He looked steadily at her, his patience rapidly expiring. “Classes in what?”
Her smile exposed not one dimple but two. “Uh . . . computer.”
“Sorry. That’s not what I teach.”
All of a sudden, his annoyance gave way to laughter. The lion had finally gotten his fill. He went into the men’s room where he encountered Gregory. “Man, how do you handle these women?”
A knowing grin spread over Gregory’s face. “I don’t have to. They leave me alone.”
“But they tried, didn’t they?”
“Oh, yes. All you have to do is invite them to Wednesday night prayer meeting. Unless it’s one who doesn’t know what that is, you’re safe.”
He shook his head from side to side. “Thanks. Give me a big city any day.”
Prayer meeting. He couldn’t even say the words.
Richard didn’t know when he had been as exhausted from anything that could be described as work. The responsibilities of an ambassador and, later, as an executive-director hadn’t once pushed him to a mental sweat, not to speak of a physical one. He got back to the boarding-house at about ten-fifteen, saw Judd in the lounge and joined him. A few minutes later, Jolene came into the lounge and got a soft drink from the machine, waved at them and left.
“I wonder if she realizes that she resembles Fannie,” Judd said.
“Does she?
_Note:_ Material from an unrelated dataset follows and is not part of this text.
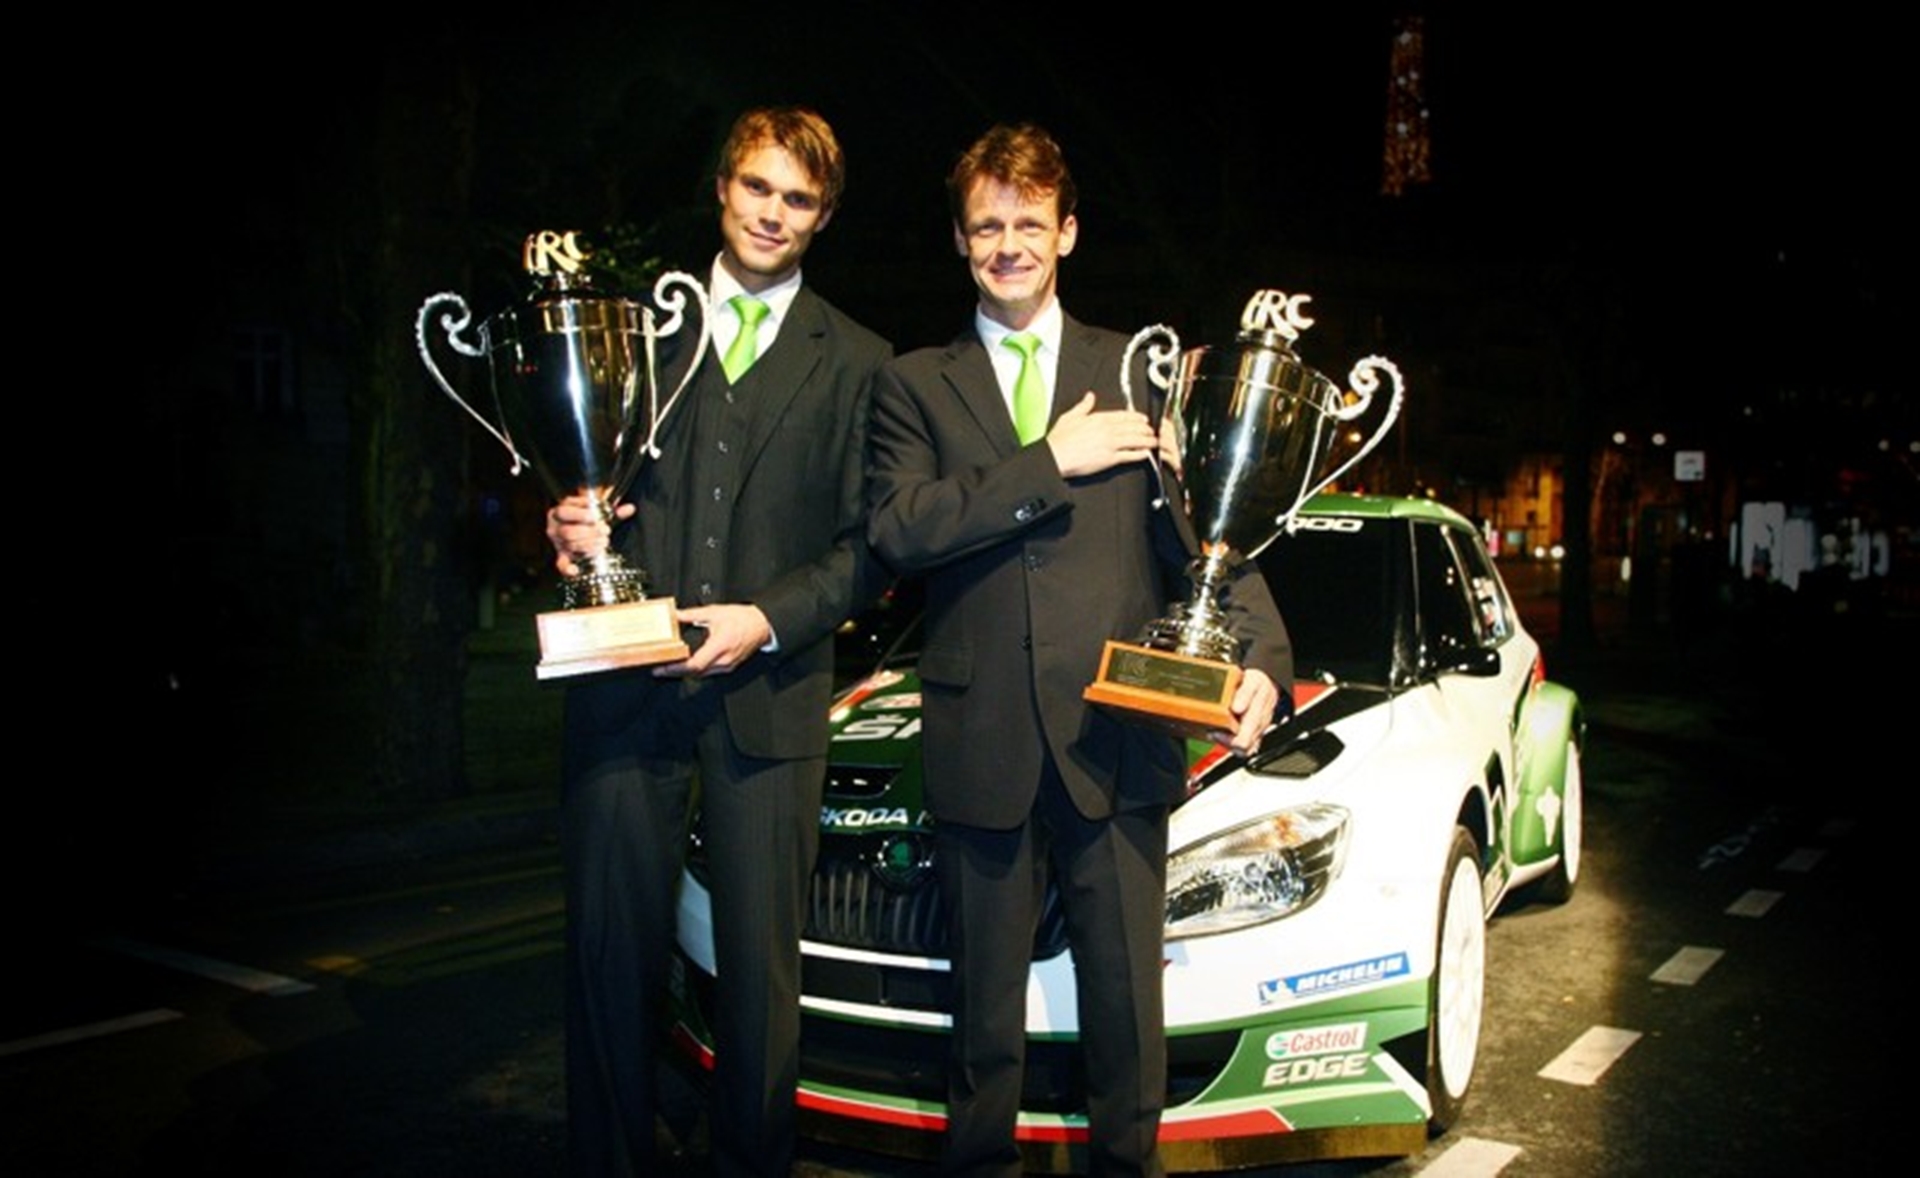 ANDREAS COLLECTS IRC DRIVERS’ TROPHY IN PARIS

I hadn’t noticed.”
“What have you noticed about
anybody
who lives in this house?”
Richard stretched out his legs and crossed his ankles. “I’ve noticed your sharp tongue but I ignore it, because your age gives you license to be overbearing.”
A half-smile played around Judd’s lips, lips slightly shriveled from age. “You and Miss Tilman have something in common, and from where I sit, it isn’t laudable. She walks around here with her face in a book so she doesn’t have to look at the rest of us, and you strut around here with your nose in the air for the same reason.”
Richard couldn’t help being amused. When Judd got on a roll, his thoughts became words, and if you didn’t want to hear them, you’d best leave. “Aw, come on Judd,” he said. “I don’t try to ignore you.”
“Course you don’t, but I’m the only one, ’less it’s Fannie.”
“I’m too tired to argue with you. You know, it’s been years since the last time I was tired. I could use a good long swim.”
“Doesn’t pay to swim out there at night, but I’ll join you for one in the morning.”
Richard stood. “Works for me. I’ll be down here at seven ready to go.”
He told Judd good night, and as he walked through the foyer, he saw Jolene’s back and stopped. She leaned against the wall beside the dining room door talking with Percy Lucas, the truck driver. He let them have the privacy they seemed to want—since they elected to talk there rather than in the lounge—and headed up the stairs.
 
 
“I can’t give you a ride in my rig,” Percy Lucas was telling Jolene. “It’s against company rules.” Percy must surely be between fifty and sixty, she figured, not too good looking, and old enough to appreciate a woman as young as she.
Thinking that if she smiled, he’d give in, she forced a smile and pressed her right hand to his chest. “But just for a short ride. I’ve never been in a big eighteen-wheel truck.” She put a pout in her voice and on her face.
“Look, babe. You’re cute and all that, but not enough to make me put my head through a noose. If a man my age loses his job, he ain’t gonna get another one. Pussy just ain’t that good, babe.”
“Who said anything about—”
He interrupted her. “I tell it like it is, and that’s what you’re leading up to. I was here when you came here months ago, and you just noticed me. You been acting strange ever since you started walking around here with your eyes in some book.”
“Now, Percy, that’s not fair. You’ve got it all wrong. I don’t have anybody to talk to, so I read. And I always noticed you, but you didn’t expect me to walk up to you and tell you I thought you were nice, you know, start up a conversation, did you?”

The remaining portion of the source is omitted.